## HOW TO COMPLETE THIS TASK
Exactly retype the lines from the top of the data through the line containing "Kopf Gesicht mit", leaving out every picture.

## SUPPLIED DATA
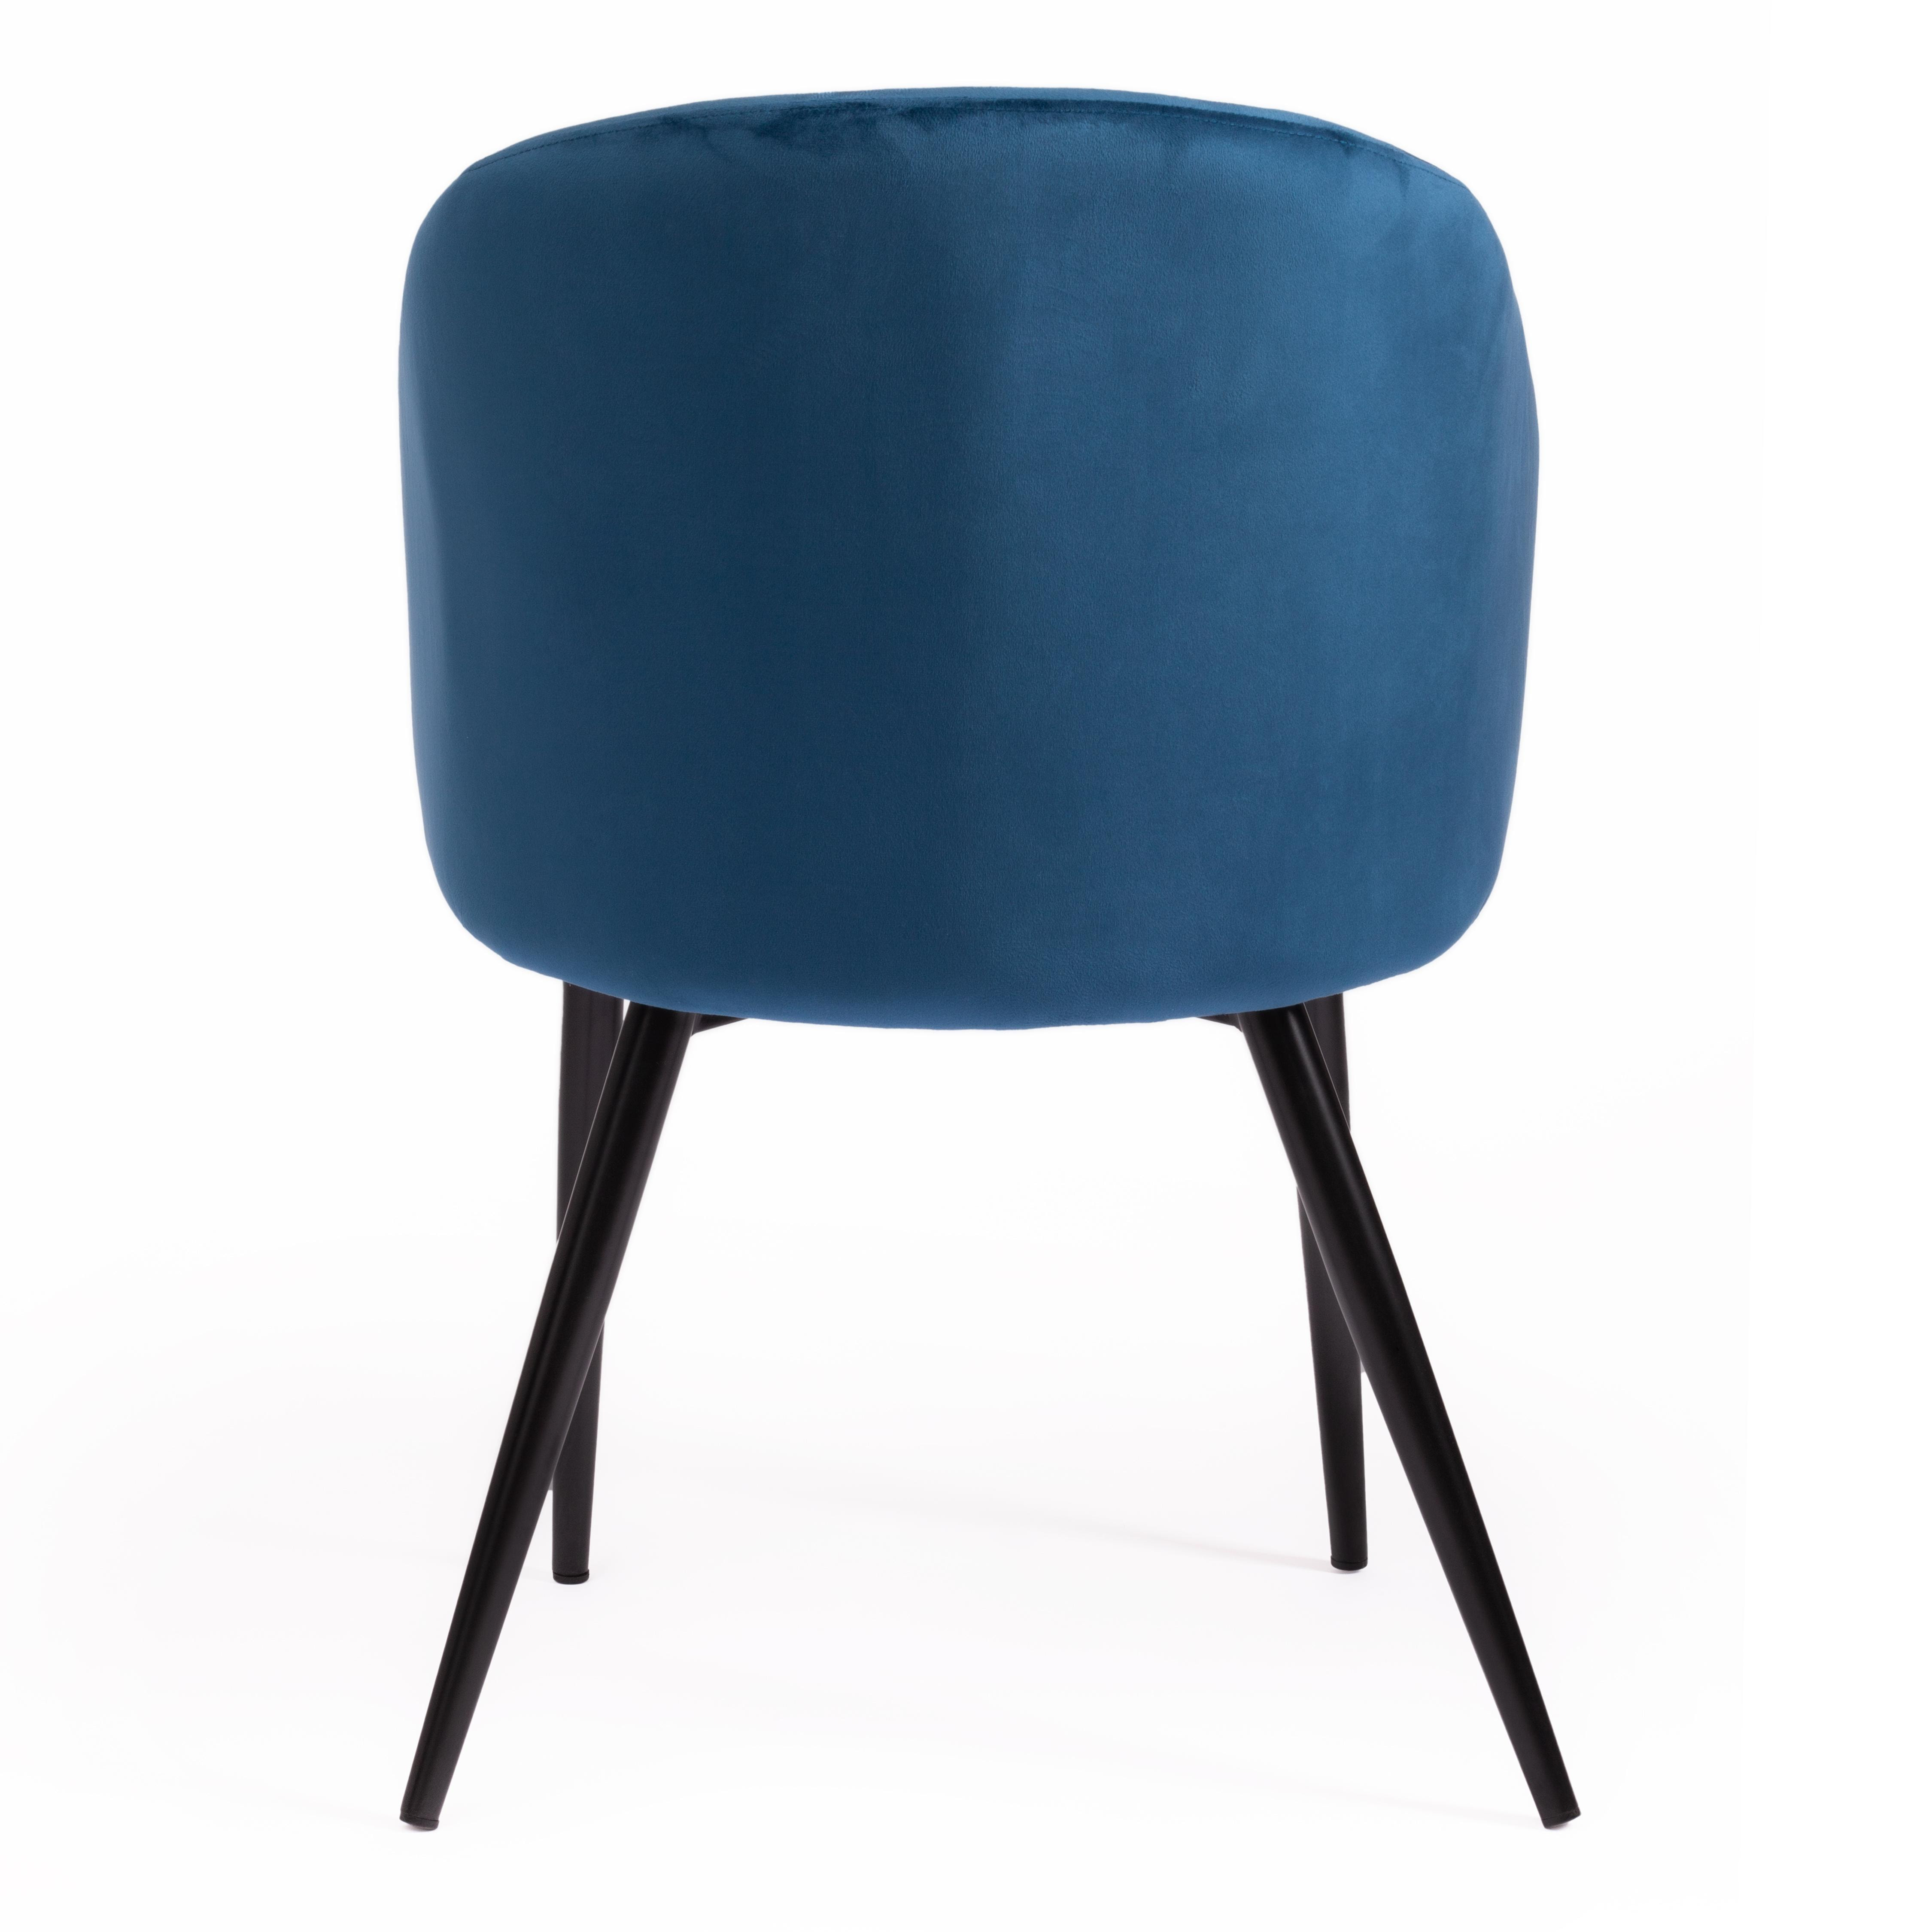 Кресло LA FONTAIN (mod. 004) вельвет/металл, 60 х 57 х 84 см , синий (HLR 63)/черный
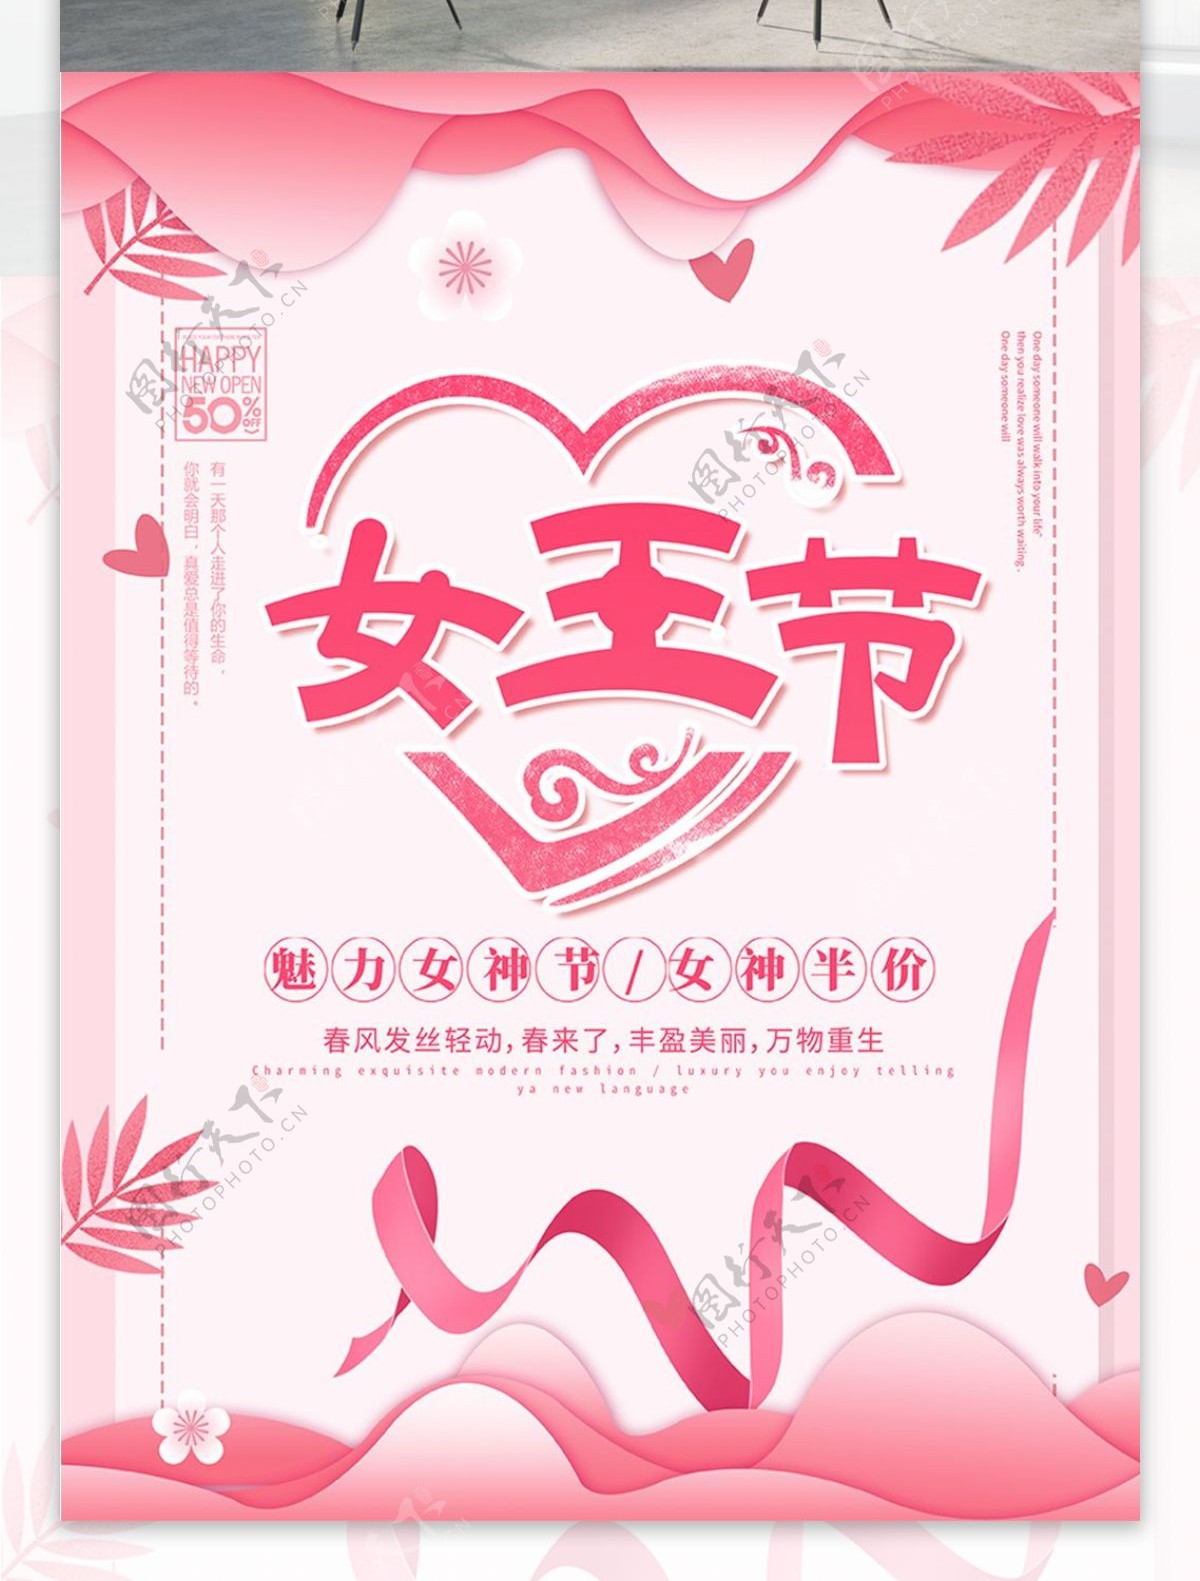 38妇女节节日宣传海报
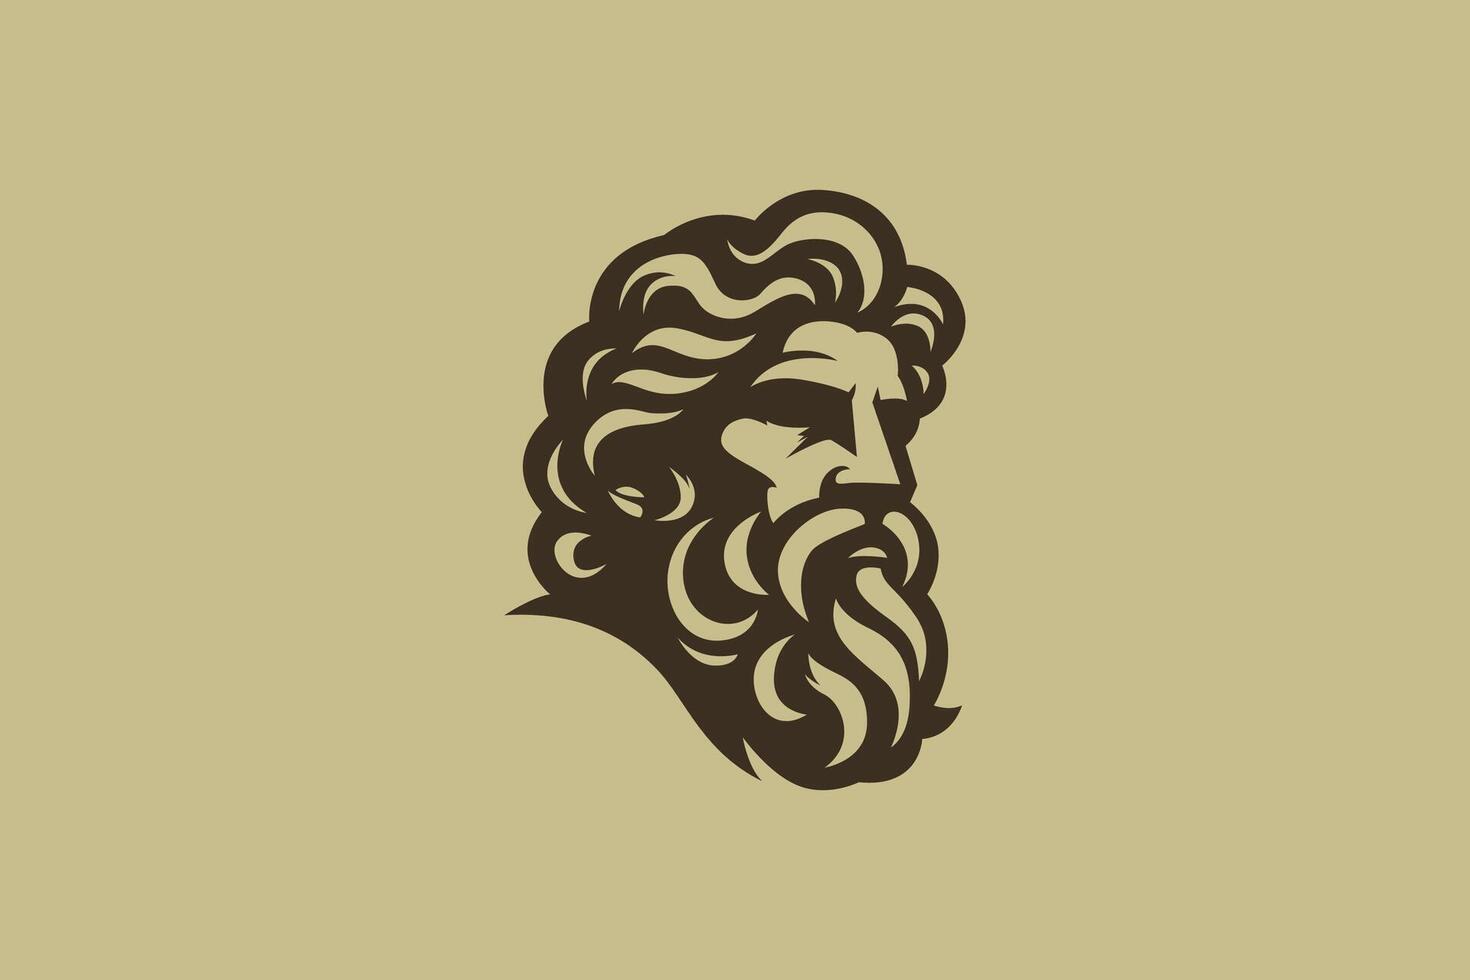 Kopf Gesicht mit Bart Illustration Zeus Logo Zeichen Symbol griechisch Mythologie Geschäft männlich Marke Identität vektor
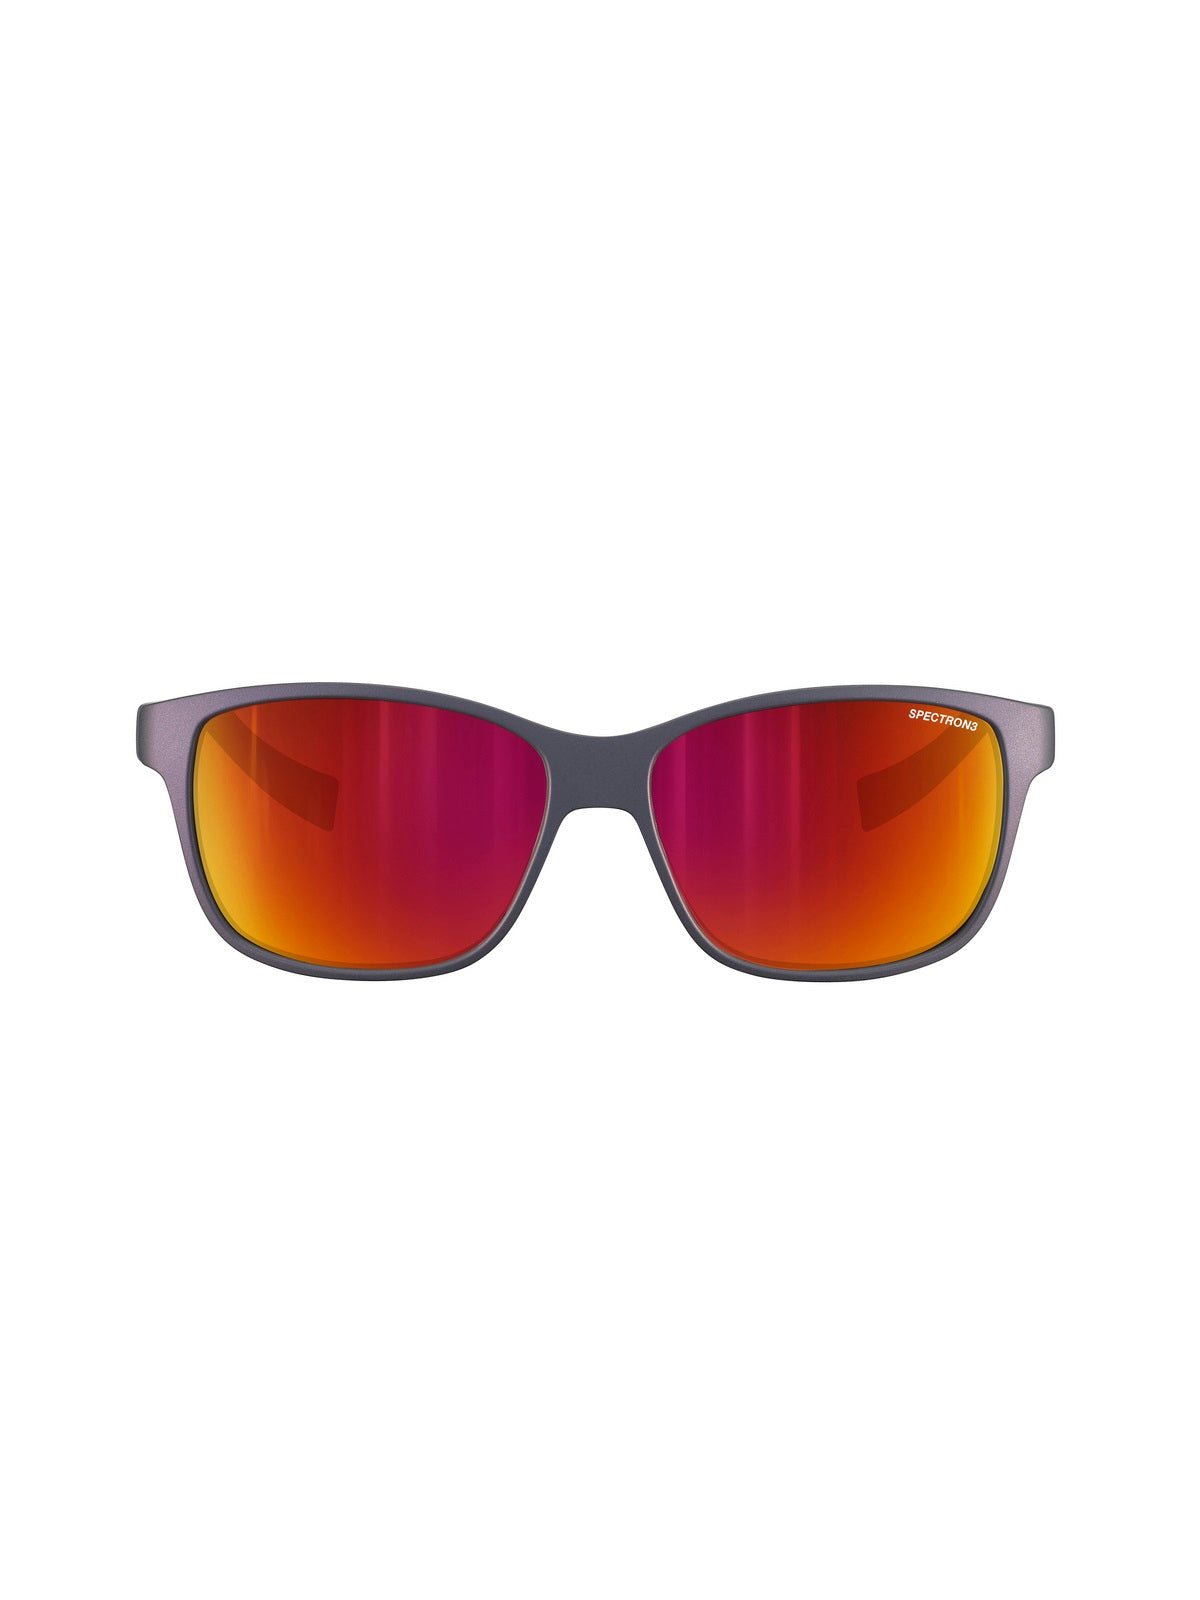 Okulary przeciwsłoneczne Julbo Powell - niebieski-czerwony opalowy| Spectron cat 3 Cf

## SOLUTION TO THIS TASK
 Кресло LA FONTAIN (mod. 004) вельвет/металл, 60 х 57 х 84 см , синий (HLR 63)/черный
 38妇女节节日宣传海报
 Kopf Gesicht mit Bart Illustration Zeus Logo Zeichen Symbol griechisch Mythologie Geschäft männlich Marke Identität vektor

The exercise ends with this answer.